Start of Data for the task

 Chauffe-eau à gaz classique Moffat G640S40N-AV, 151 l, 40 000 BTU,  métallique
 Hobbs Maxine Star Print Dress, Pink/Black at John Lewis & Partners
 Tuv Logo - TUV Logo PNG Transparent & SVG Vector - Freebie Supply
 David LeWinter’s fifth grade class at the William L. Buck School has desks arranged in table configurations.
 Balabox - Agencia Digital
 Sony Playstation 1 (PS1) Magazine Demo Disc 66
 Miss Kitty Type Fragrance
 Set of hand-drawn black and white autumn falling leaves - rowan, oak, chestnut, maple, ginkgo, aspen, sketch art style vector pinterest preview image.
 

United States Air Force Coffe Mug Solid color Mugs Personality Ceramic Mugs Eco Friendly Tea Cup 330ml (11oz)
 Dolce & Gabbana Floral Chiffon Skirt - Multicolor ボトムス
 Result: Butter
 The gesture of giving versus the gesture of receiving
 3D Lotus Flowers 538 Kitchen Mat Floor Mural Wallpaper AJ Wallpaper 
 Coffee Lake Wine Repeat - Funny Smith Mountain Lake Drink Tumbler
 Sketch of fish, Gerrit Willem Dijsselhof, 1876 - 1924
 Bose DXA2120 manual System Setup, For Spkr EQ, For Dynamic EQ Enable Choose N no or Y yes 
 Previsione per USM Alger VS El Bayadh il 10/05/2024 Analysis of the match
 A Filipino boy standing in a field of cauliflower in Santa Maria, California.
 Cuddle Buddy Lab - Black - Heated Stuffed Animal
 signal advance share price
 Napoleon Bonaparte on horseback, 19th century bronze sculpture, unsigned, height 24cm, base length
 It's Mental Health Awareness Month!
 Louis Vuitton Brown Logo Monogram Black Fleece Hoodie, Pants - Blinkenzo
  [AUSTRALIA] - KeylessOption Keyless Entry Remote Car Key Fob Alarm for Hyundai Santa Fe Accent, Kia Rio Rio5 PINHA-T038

End of Data for the task

**Task goal**
What you return must be an exact retyping of the lines above starting at the line with "Sony Playstation 1" and ending at the line with "Coffee Lake Wine", and nothing besides.

**Answer section**
 Sony Playstation 1 (PS1) Magazine Demo Disc 66
 Miss Kitty Type Fragrance
 Set of hand-drawn black and white autumn falling leaves - rowan, oak, chestnut, maple, ginkgo, aspen, sketch art style vector pinterest preview image.
 

United States Air Force Coffe Mug Solid color Mugs Personality Ceramic Mugs Eco Friendly Tea Cup 330ml (11oz)
 Dolce & Gabbana Floral Chiffon Skirt - Multicolor ボトムス
 Result: Butter
 The gesture of giving versus the gesture of receiving
 3D Lotus Flowers 538 Kitchen Mat Floor Mural Wallpaper AJ Wallpaper 
 Coffee Lake Wine Repeat - Funny Smith Mountain Lake Drink Tumbler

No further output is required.